KPMG report suggests the jets bill would balloon to $40 billion instead of the $16 billion initially anticipated.
December 10, 2012
by The Canadian Press
OTTAWA—The sudden and severe jitters among Conservatives over their stealth fighter program are due to sticker shock as well as doubts that the country’s aerospace industry might not reap as many benefits as initially trumpeted, according to government sources.
Skepticism about the future of F-35 program spiked after an independent analysis by accounting firm KPMG and determined that the full life-cycle cost of the F-35 would be far above $40 billion rather than $16 billion originally set by the government.
The price tag ballooned after auditors determined a total in-service life of 42 years for the fighter-jet, which is at least a dozen more than both the auditor general and the parliamentary budget officer estimated in their costing.
The longer a plane is flying, the more expensive it becomes to maintain and sources say auditors at KPMG settled on a service life of four decades because that’s how long the Canadian military has been keeping aircraft on the flight line.
A companion study that is due to be released next week at the same time as the KPMG report assessing promised industrial benefits or economic spin-offs from F-35 production may provide further headaches for the government.
When the Harper government first signalled its intention to buy the Lockheed Martin-built F-35 Lightning II, it proclaimed that Canadian aerospace companies would benefit by receiving as much as $12 billion in manufacturing or spare parts contracts over the lifetime of the project.
Industry Canada quietly rowed those expectations back to US $9.85 billion last spring in the wake of Auditor General Michael Ferguson’s scathing assessment of how the program has been managed thus far.
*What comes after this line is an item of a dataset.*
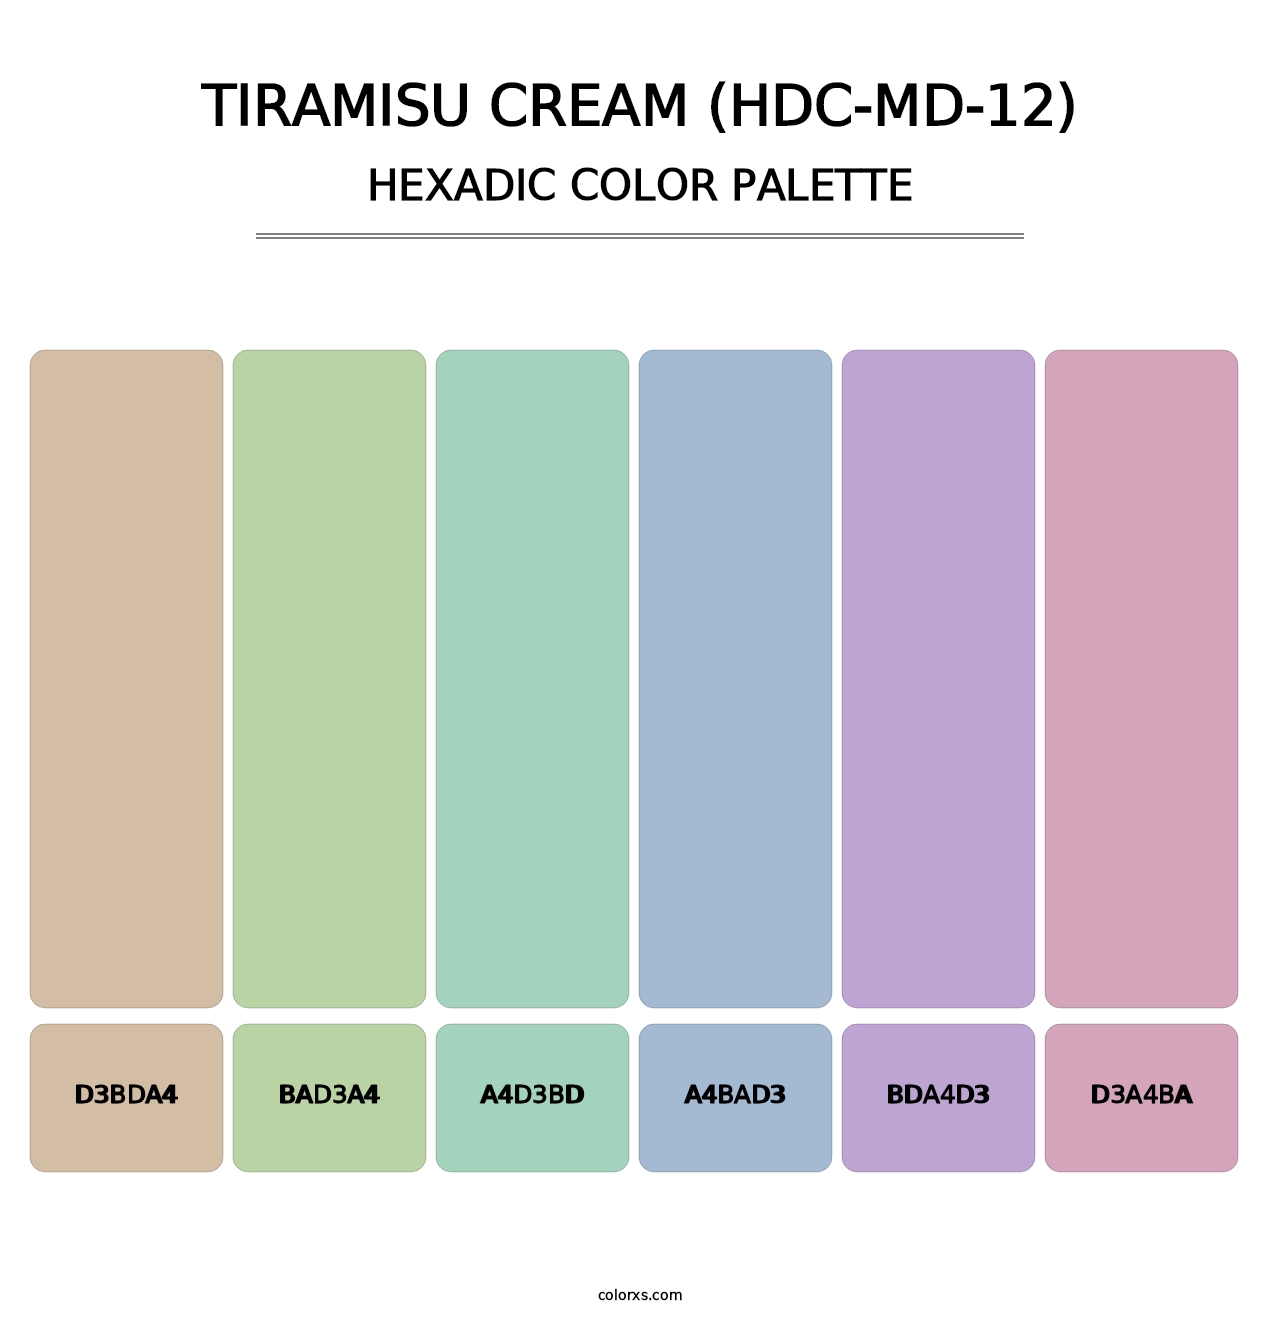 Tiramisu Cream (HDC-MD-12) - Hexadic Color Palette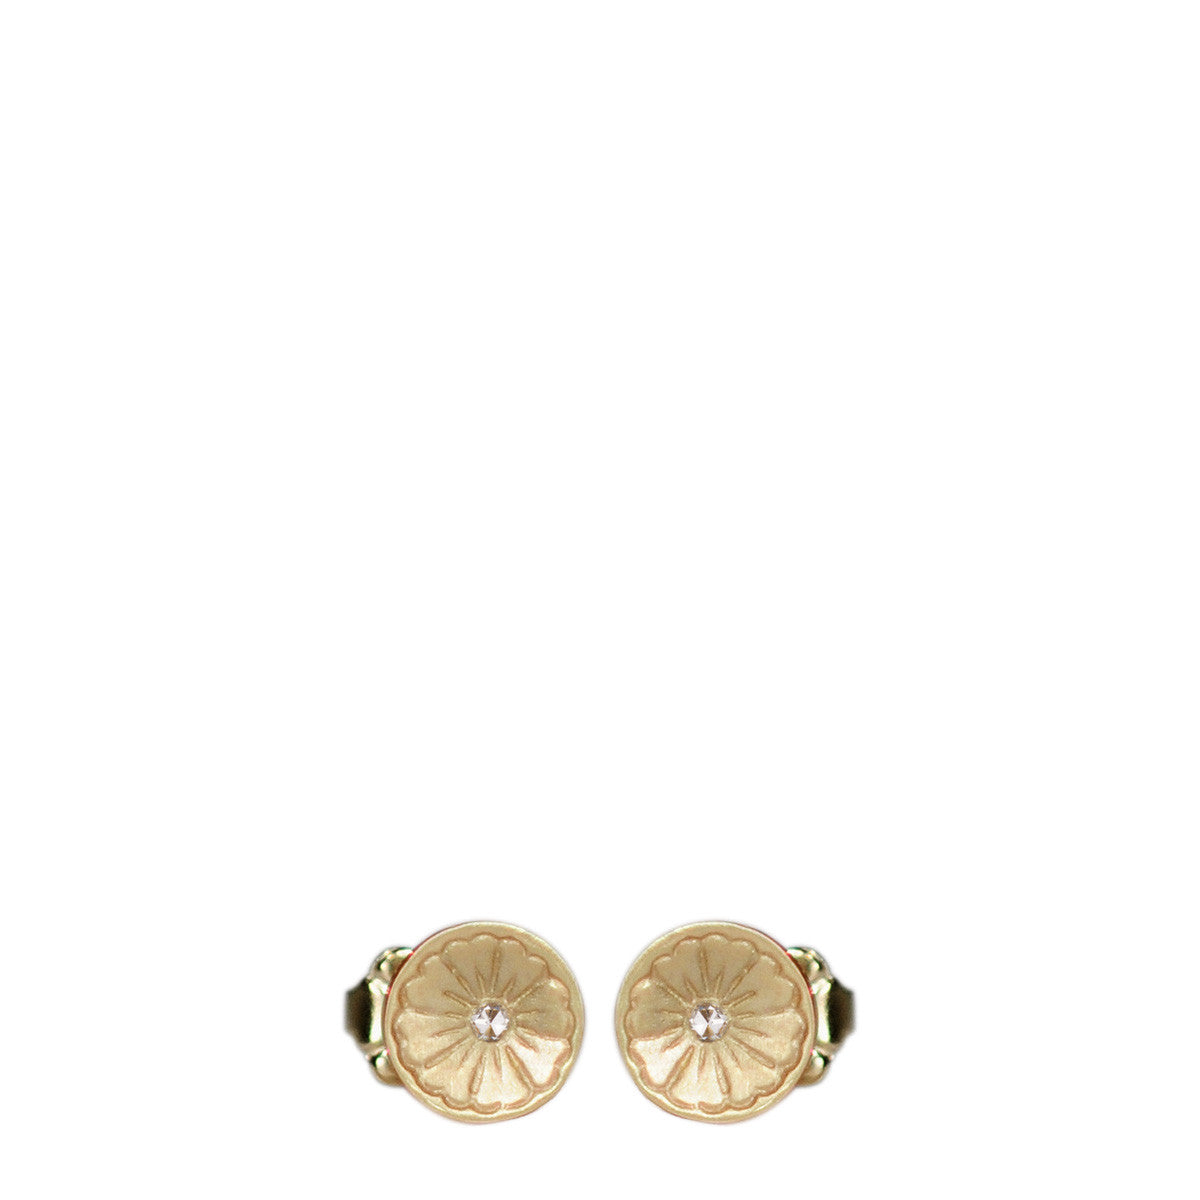 10K Gold Engraved Flower Stud Earrings with Diamonds

The report accused National Defence and Public Works of not doing their homework, low-balling the cost and to a lesser extent, exaggerating the benefits.
The benefits analysis will apparently show Canada struggling to reach the US $9 billion mark over the decades in the face of stiff competition from other nations whose participation in the development of the aircraft give them preferential access to the U.S. manufacturer’s supply chain.
To date, 70 Canadian companies have secured over US $435 million in contracts on the development and initial production of the fighter.
When the Tories first floated their lifetime estimate of $16 billion, it was based on 20 years of ownership, but did not include operating and maintenance figures.
The auditor general looked at figures over 30 years and came up with a $25 billion price tag. The parliamentary budget officer estimated costs of over $29 billion.
There was also speculation the government was prepared to scrap the F-35 deal and move to an open competition to replace the air force’s aging CF-18s, which are due to retire by 2020.
But government sources say that point has not been reached yet.
The secretariat would be the one making that call and it hasn’t begun its long-awaited options—or market—analysis of what the country’s air force might need and what aircraft are available.
That analysis is expected to get underway within 10 days with a help of an independent committee of up to five people who are charged with ensuring that all options are considered.
The committee will include retired Lt.-Gen Charles Bouchard, who led the NATO mission in Libya, Keith Coulter, the former head of the Communications Security Establishment, former federal comptroller-general Rod Monette, University of Ottawa professor Philippe Lagasse, and at least one other member.
The terms of reference for this options analysis say the government will “review and assess fighter aircraft currently in production and scheduled for production.”
That means the F-35 is still in the running.